The medieval historian and I are just back from our annual trip to Pembrokeshire.  The family joke is that we go for the dogs, but actually, we go because it is so beautiful and we never tire of the beaches and the walks and the small towns.  A very regular place of pilgrimage is Melin Tregwynt (pictured above) which is a Welsh woollen mill in the absolute middle of nowhere, but a bit near Fishguard.  It makes traditional Welsh wool fabric, not sure you can call it tweed if it isn’t Scottish, but the designs are modern, the palettes contemporary and the whole thing very high end.  You have almost certainly seen some of it on television shows on fancy sofas, or in hotels you might have stayed at – the Mercure chain has it for example.  It is pretty expensive but fabulous.  I bought a throw in the half price sale last year for our 30th wedding anniversary and it is the best thing possible for an afternoon nap.  So, count me as a fan.

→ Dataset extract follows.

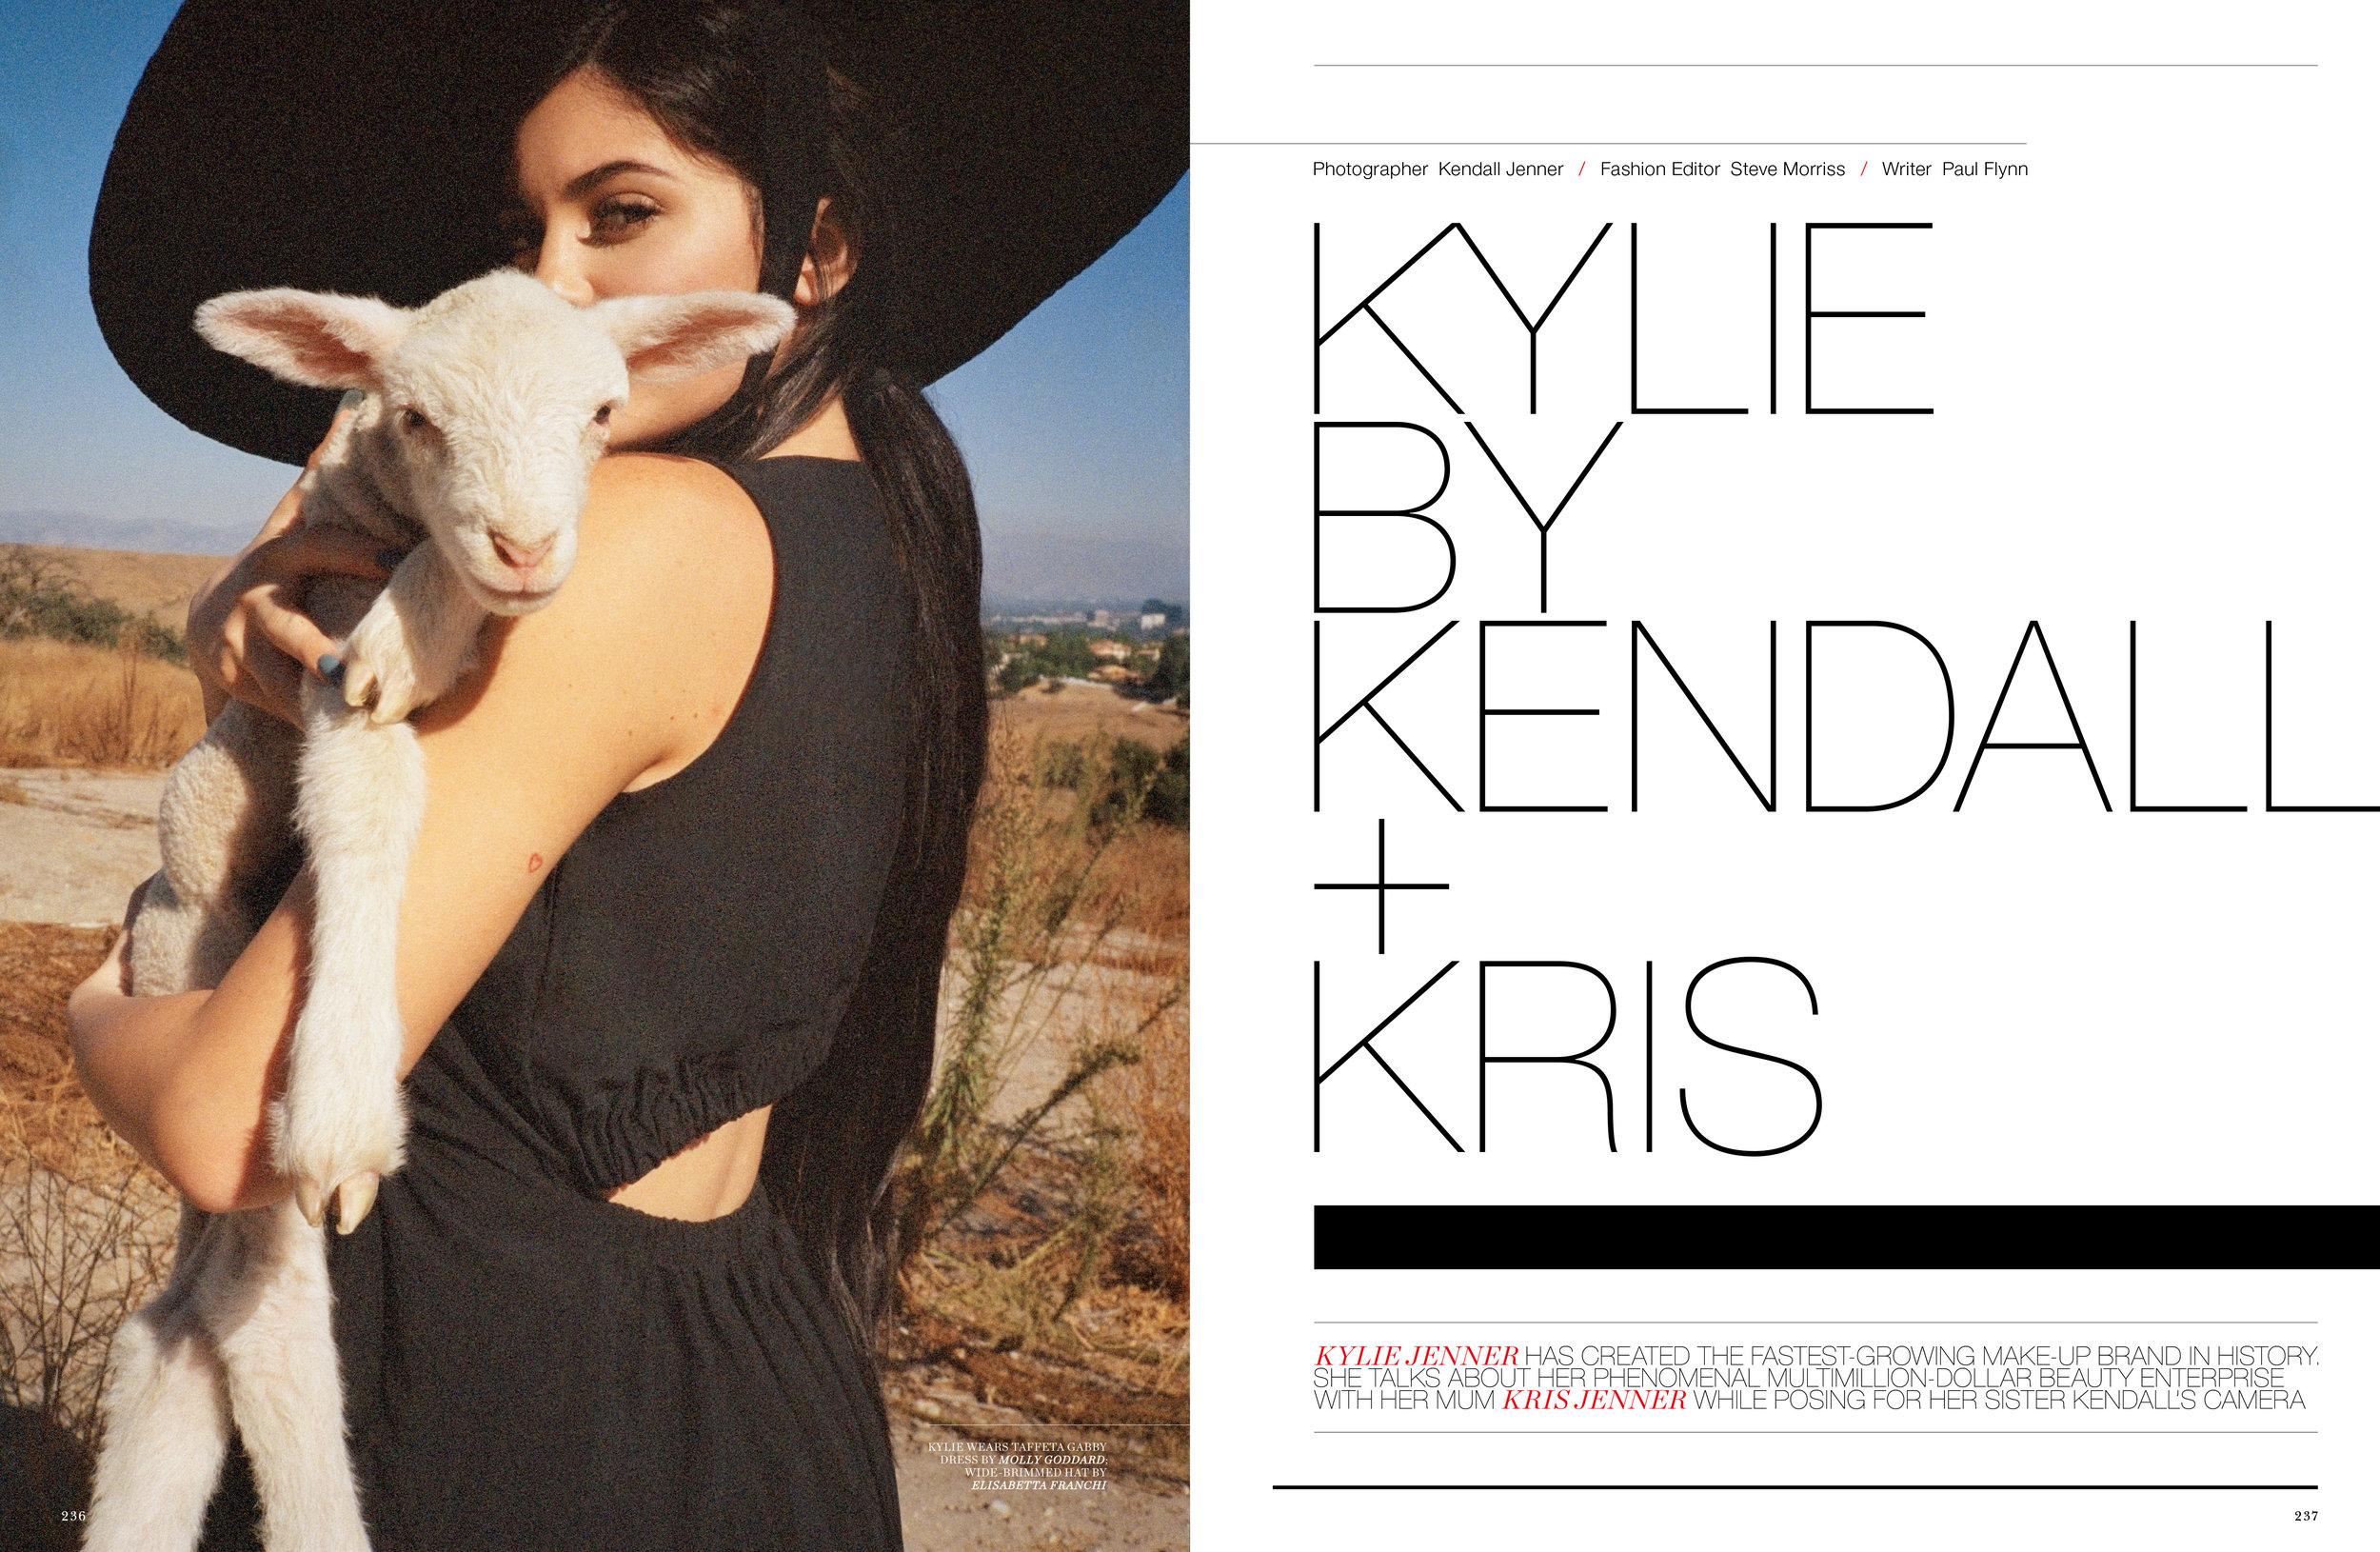 KendallJenner_Kylie_HR-1.jpg

I have been going and collecting offcuts which they sell by weight or in prepacked bags for years and I have quite a collection.  I have been steadily adding them to make blankets for some time.

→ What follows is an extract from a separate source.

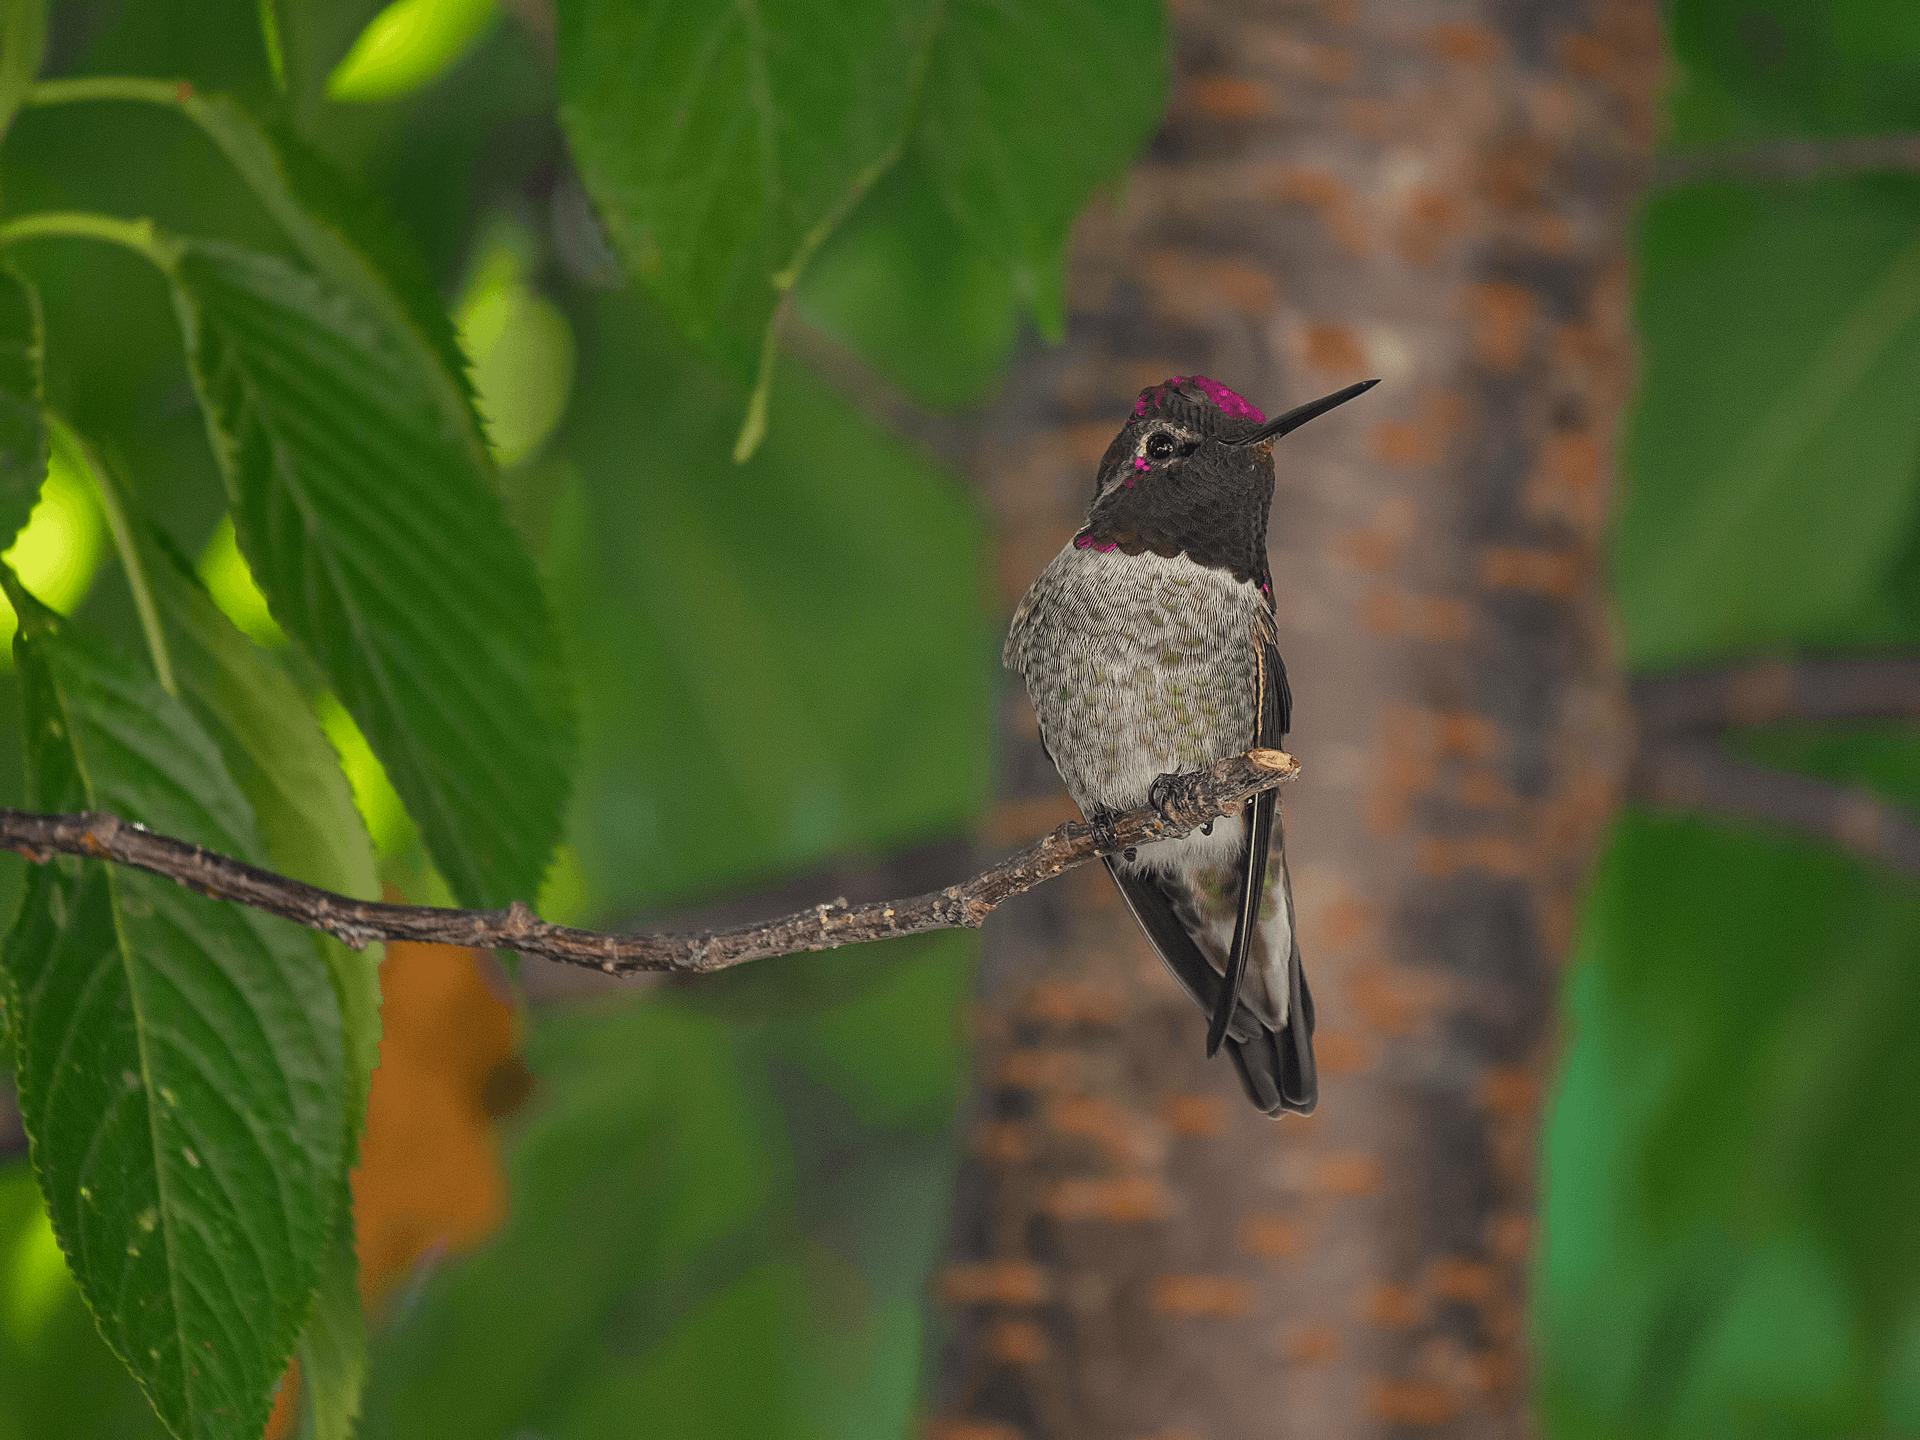 Hummingbird nesting near tree

I have also made embroidered bags with them:

 

I love doing wool embroidery as the needle slides through so much more easily and the wool feels lovely in the hand.

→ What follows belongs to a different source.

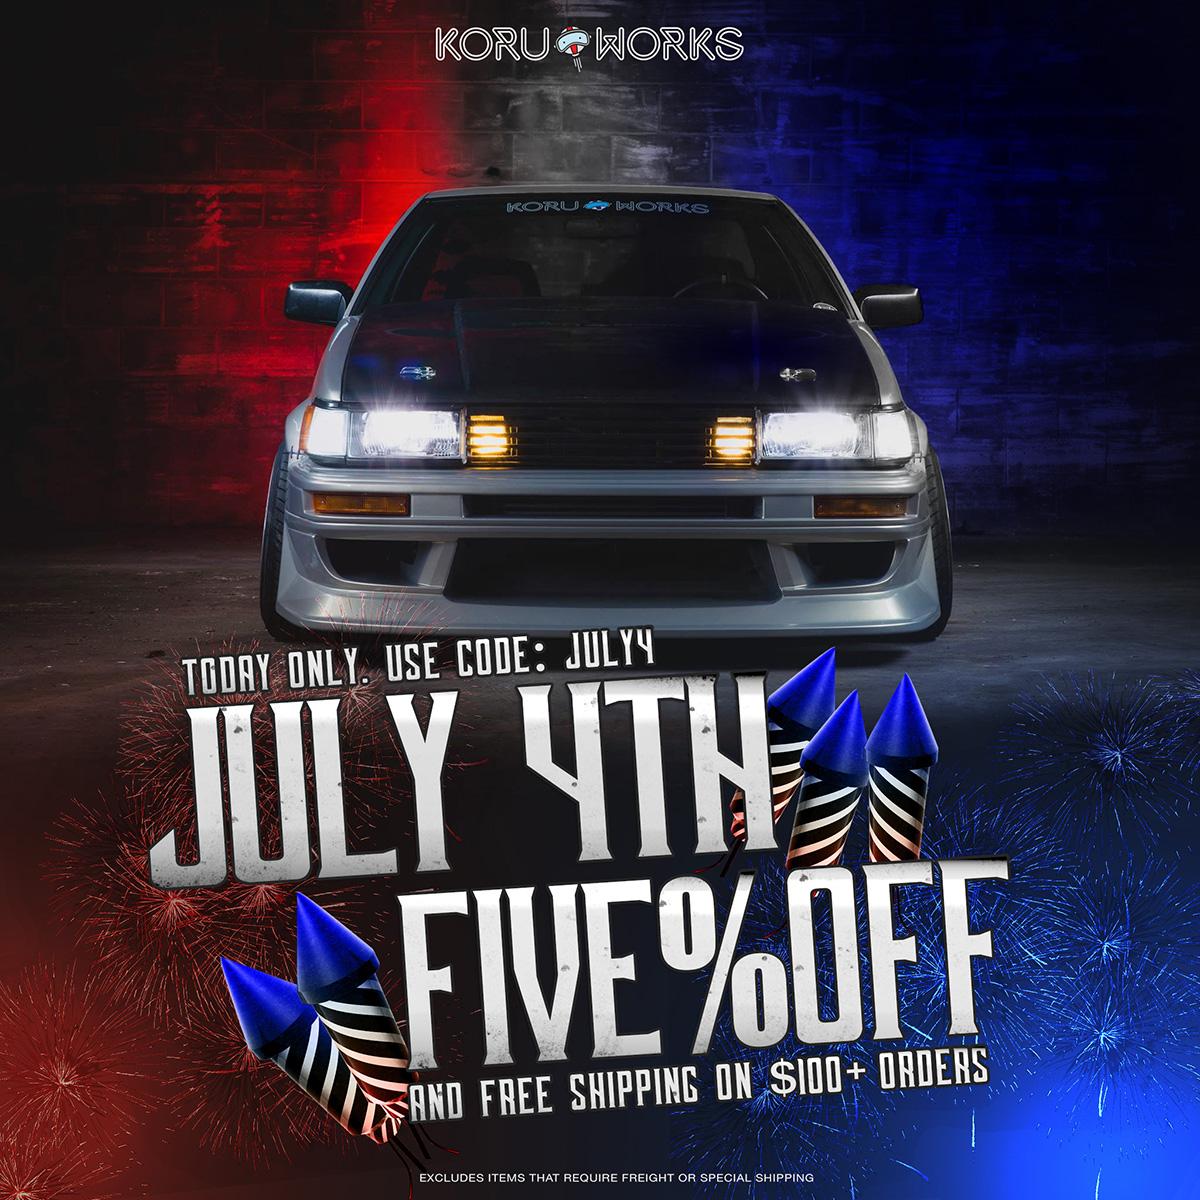 KoruWorks July 4th Sale

All this leads on to a group of embroidered egg panels which I did while in Pembrokeshire.  I took threads and some beads from home, but I also came across a bead shop in Narberth, Begelly Beads.  It’s a tiny bit out of the town so you have to look for it, but it is worth a visit.  Some really nice £1 selection bags to be had in various colours, as well as bargains.  I often find that the beads that no-one wants for jewellery are perfect for embroidery.  Take these unlovely brown rose beads:

I can quite see why you wouldn’t want brown plastic roses round your neck, but they really do look like piped chocolate flowers and they worked very well on this egg.  I sewed them onto the edge with blanket stitch and then dotted some on the tweed, following the pattern.  I am pretty sure that Fabergé would have loved the skill and delicate palette of the weaving.  I am not sure what he would have made of the beads.

I also experimented with different sizes of egg using the same fairly bold pattern:

I reversed the fabric so that the top one has the darker background.  Then I used the spot design as a basis for embellishment.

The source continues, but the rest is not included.